#### PROVIDED DATA:
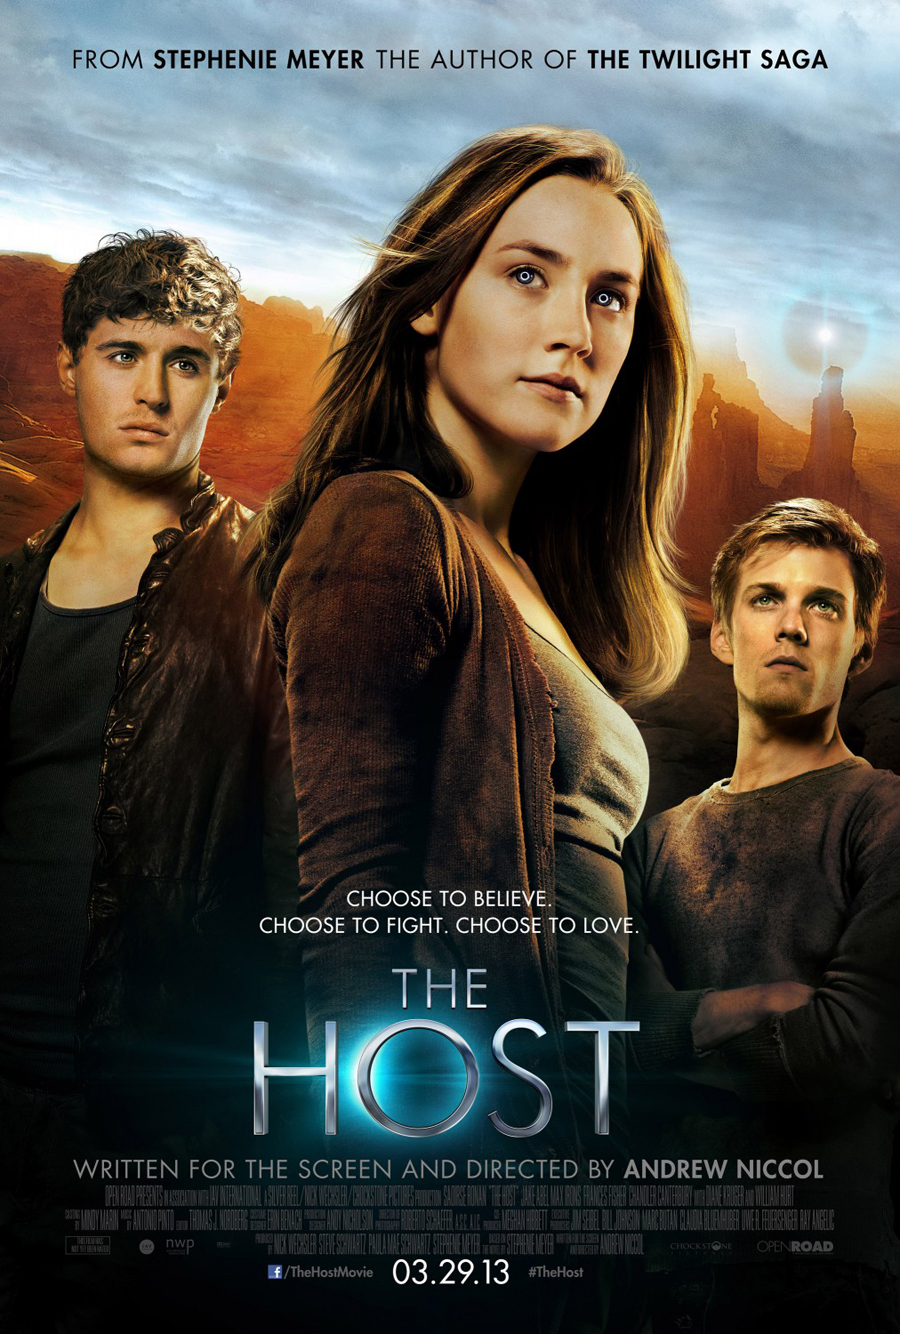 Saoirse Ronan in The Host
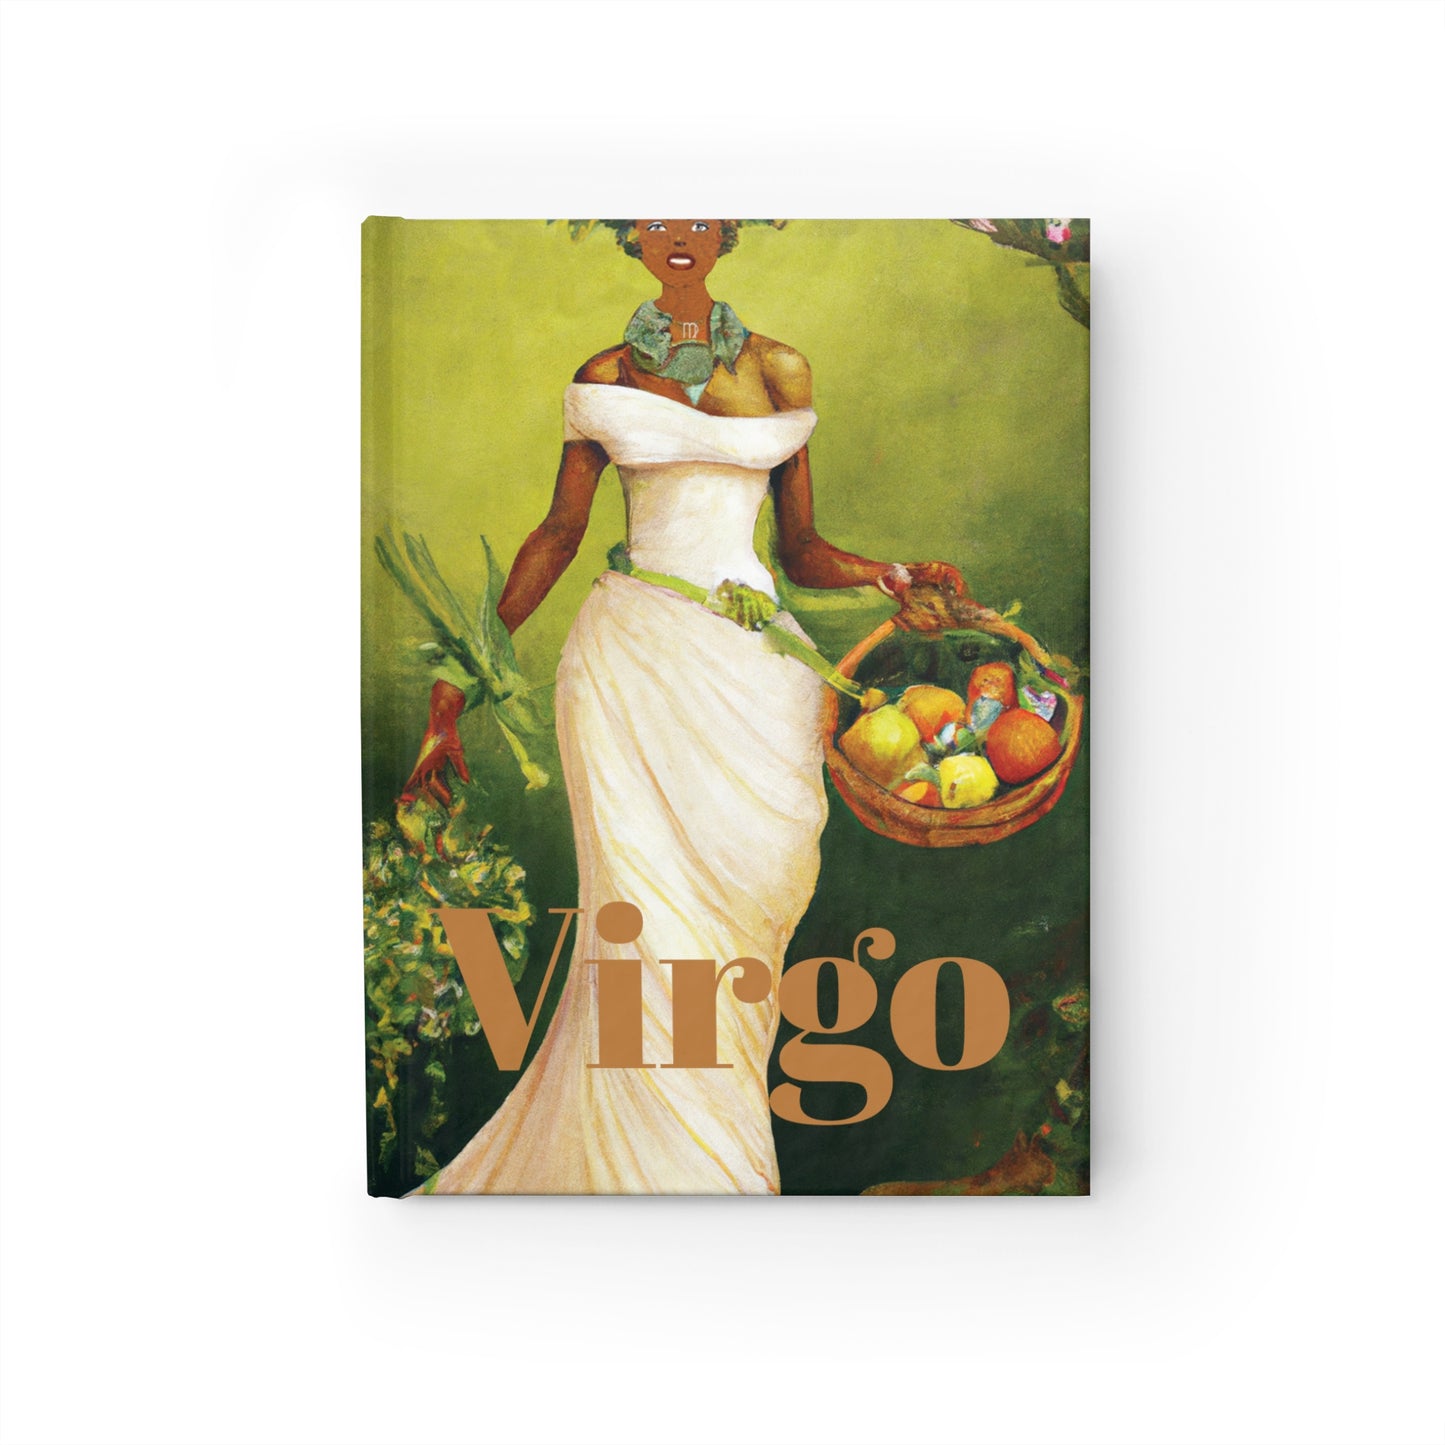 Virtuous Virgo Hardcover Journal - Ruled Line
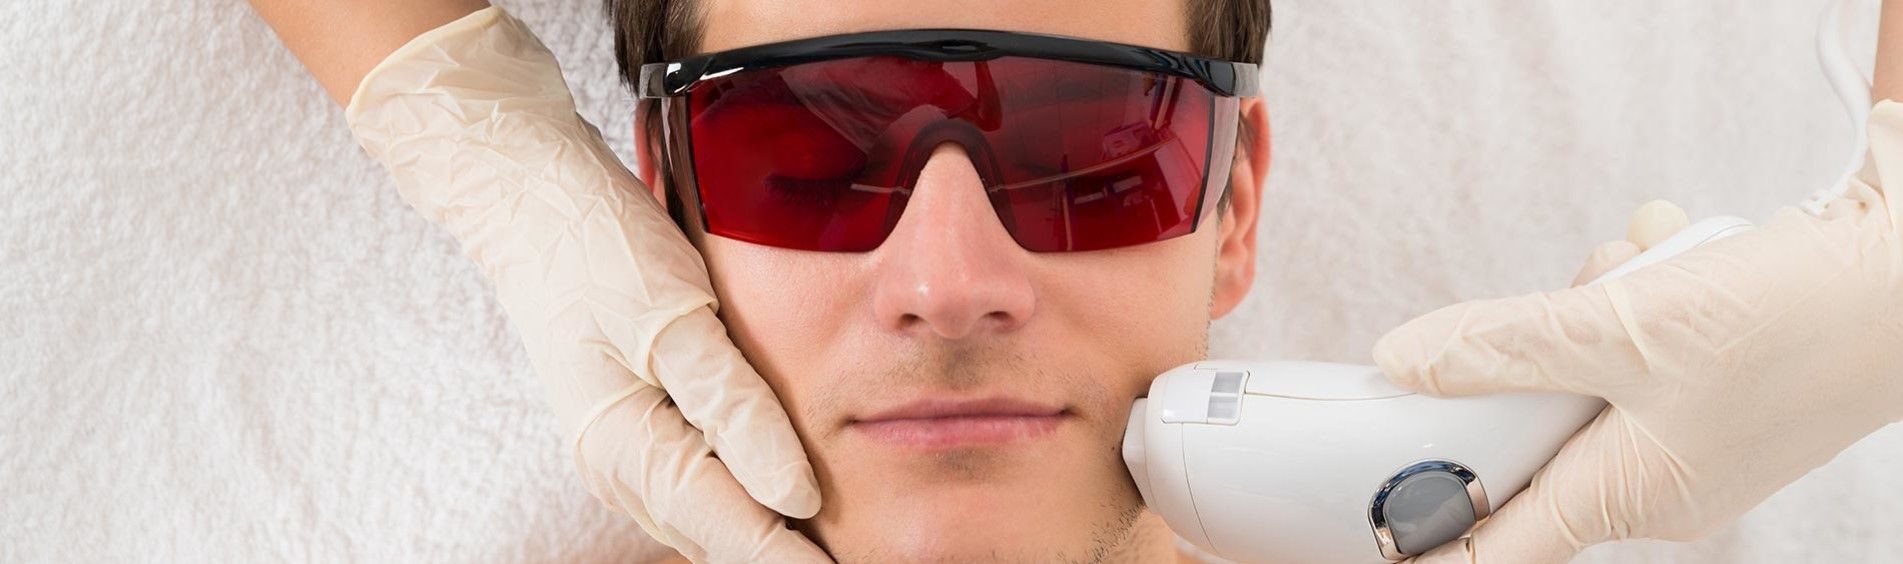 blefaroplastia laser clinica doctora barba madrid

#### WHAT YOU ARE ASKED TO DO:
Return each line above word for word. Skip the pictures.

#### SOLUTION FOR THIS EXERCISE:
 Saoirse Ronan in The Host
 Virtuous Virgo Hardcover Journal - Ruled Line
 blefaroplastia laser clinica doctora barba madrid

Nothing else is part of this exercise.